Monday, September 10, 2012


So often, whether consciously or not, we understand peace to be the absence of conflict. In fact, a quick survey of three online dictionaries reveals a nearly identical definition. They each used a different word - expressing an absence of violence, conflict, or hostility.

The last one may get closest to a proper definition.

Our public politics tend to push for peace as the result of winning a conflict. We take sides and fight and may the best man win. Sort of the old school battle tactics (think Hector and Achilles or David and Goliath) - if my ideas defeat your ideas, then you must submit. Even when we have real battles, we tend to seek peace through dominance or victory. If I kill enough of the enemy, they'll stop fighting or fight to the death. Eliminate the enemy, one way or another, and we will have peace.

We may be able to end violence or conflict by intimidation or force, but we cannot bring peace that way.

The biblical concept is the Hebrew word shalom (the Arabic salaam comes from the same root) - translated to English as peace. It means a bit more than that, though. Shalom is about wholeness, completeness. This peace is one in which all parties come together in unity. It is not about competition or dominance; shalom can't exist in that environment.

Peace cannot be limited to simply the absence of conflict. As I said, the absence of hostility is closer. Even a defeated party is hostile. They may be powerless or disarmed, but the fact of defeat generally increases hostility. Our drive for revenge is often greater even than our original desire to win. True peace cannot be achieved this way.

As a Christian I believe that we all have to live together. We are united in our humanity as caretakers of creation. We are not a democracy, but one people who must move forward together. This is why I oppose divisions and labels. Our national boundaries separate us from each other, as do our flags and military uniforms and political parties. We are, in the end, just people, and we have to get along.

That is what politics are all about, after all. Politics is our way of getting along with one another. Peace must be the goal of our politics.

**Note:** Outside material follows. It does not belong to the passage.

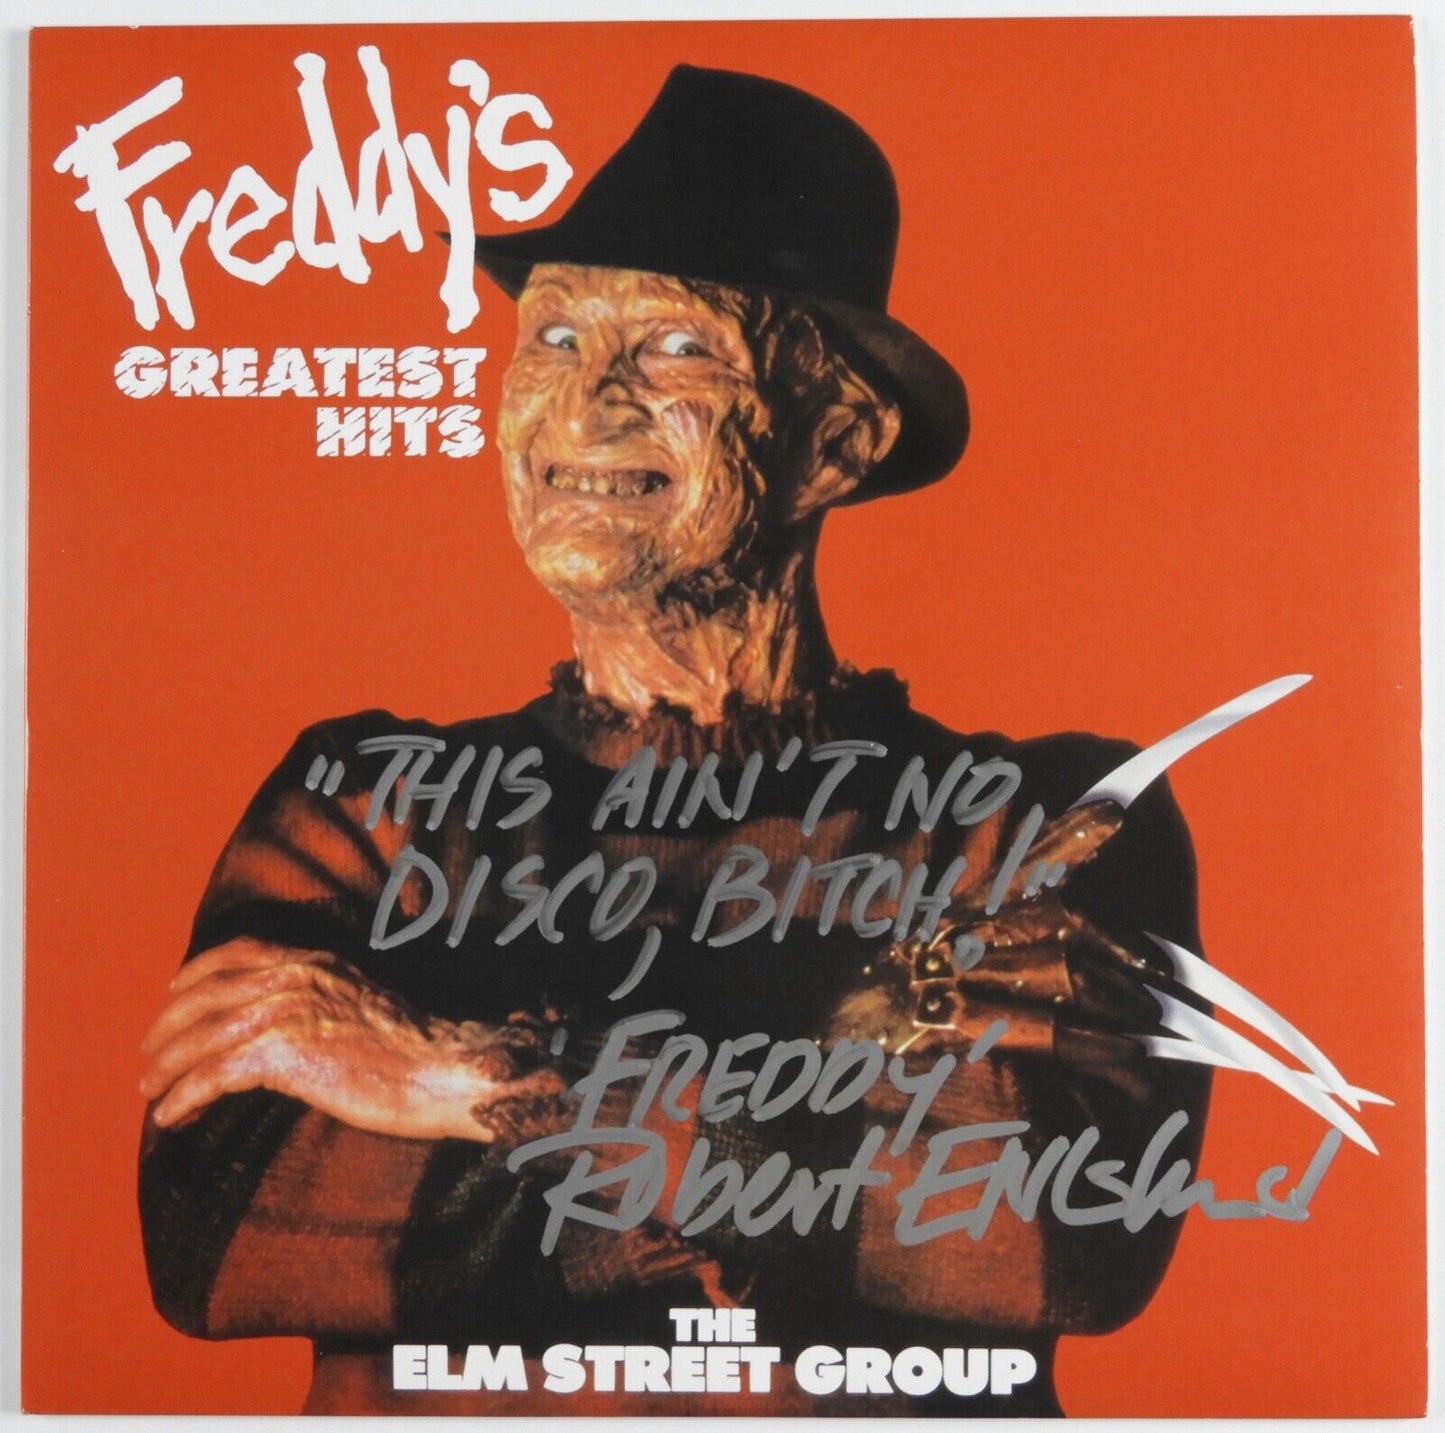 Freddy Krueger Robert Englund Signed Autograph Freddy's Greatest Hits Album Viny

Whether its a dispute with the cashier over the price of a tomato or two Presidential candidates facing off in a debate. Our politics must be about peace. We have to live together. That means working, sacrificing if need be, to see the value and humanity in my opponent. It may mean refusing to have opponents.

I get excited when our politicians set out a positive vision of the future. I become despondent when they attack, defame, and degrade the "other side." I truly lack the ability to understand political parties - to understand why one would rather have be seen as representative of a brand than as an individual.

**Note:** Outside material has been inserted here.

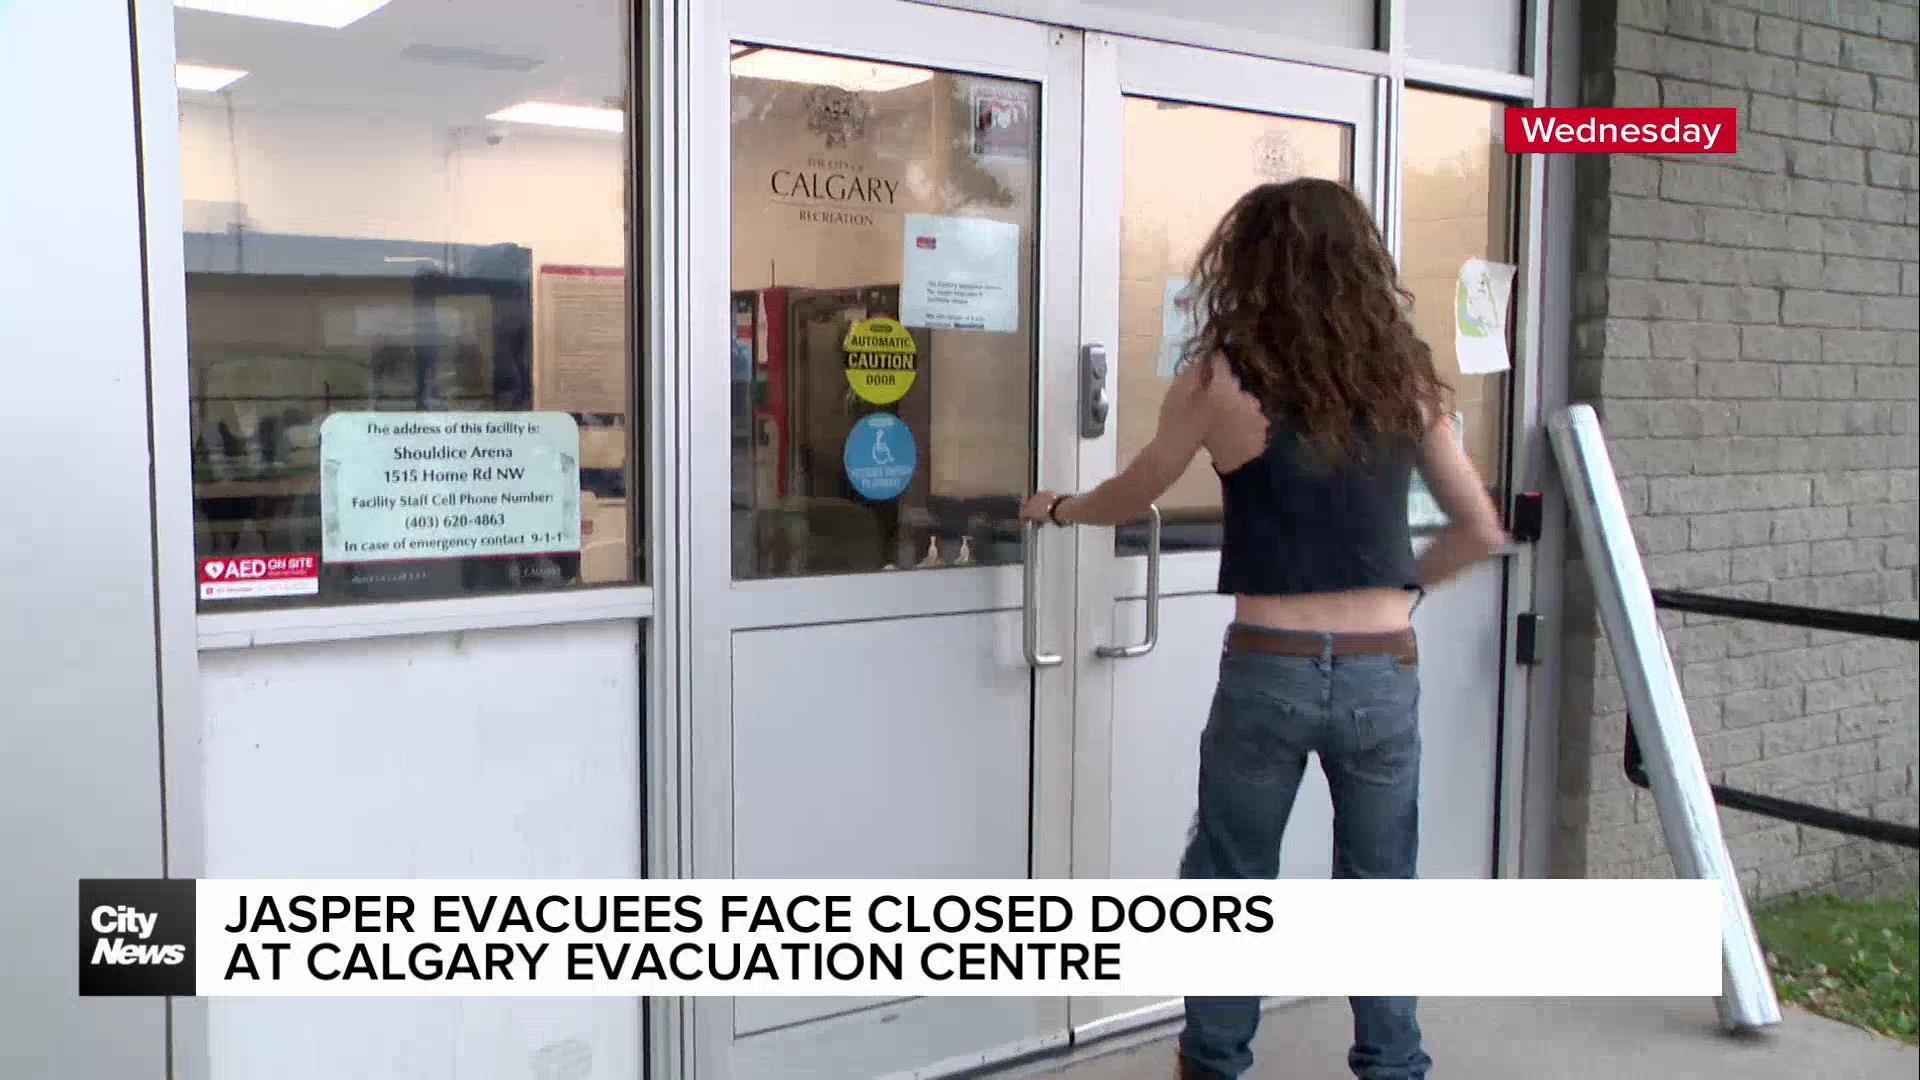 Jasper evacuees face closed doors at Calgary evacuation centre

How much better off would we be if the Republicans and the Democrats could openly respect and acknowledge the good ideas of the other party. If they do think an opponent has a good idea - they can't say so without hurting their reputation and re-election bids. That's not entirely their fault; after all we are the ones voting for them.

But peace is more than just our day to day interactions, our families, our congregations, our communities, States, and Nations must be exemplars of shalom. The same rules apply. We must not seek to dominate or consolidate our position. We must refuse to have opponents and enemies. Peace comes when we recognize and actualize the reality that we're all in this together.

In the end, though, our understanding of peace only works so far as our opponent also accepts it. Shalom can be nothing but a universal principle. If someone is throwing rocks at me to take my food, shalom exists neither in throwing rocks back nor in starving.

There may be shalom through starving, through suffering - if that act softens the heart and wins over the opponent - but there is no guarantee. There is one truth, though: peace never comes until someone chooses to stop fighting.

There will never be true peace until more people are willing to die not fighting than are willing to pick up arms (material or otherwise).

Finally, we have to separate peace from violence. We live in a violent world; I suspect we always will. However, our world is less violent now than it has been. Our visions and views of violence are different than they were in the past. Our world is no more peaceful. We have shifted our perspectives and our expectations. We have so utterly associated violence with peace that we fail to recognize the lack of shalom.

We celebrate the "peaceful" transfer of power in many nations around the world. Something that was once unheard of. Yet our transfers of power do not embody shalom. There is regular talk of "healing the nation" after a bitter election, even after a decisive court decision or legislative battle.

Peace is more than an absence of violence or conflict - peace is shalom, a unified world ruled not by a gracious majority, but by sacrifice and cooperation. Only a truly free people can ever be at peace.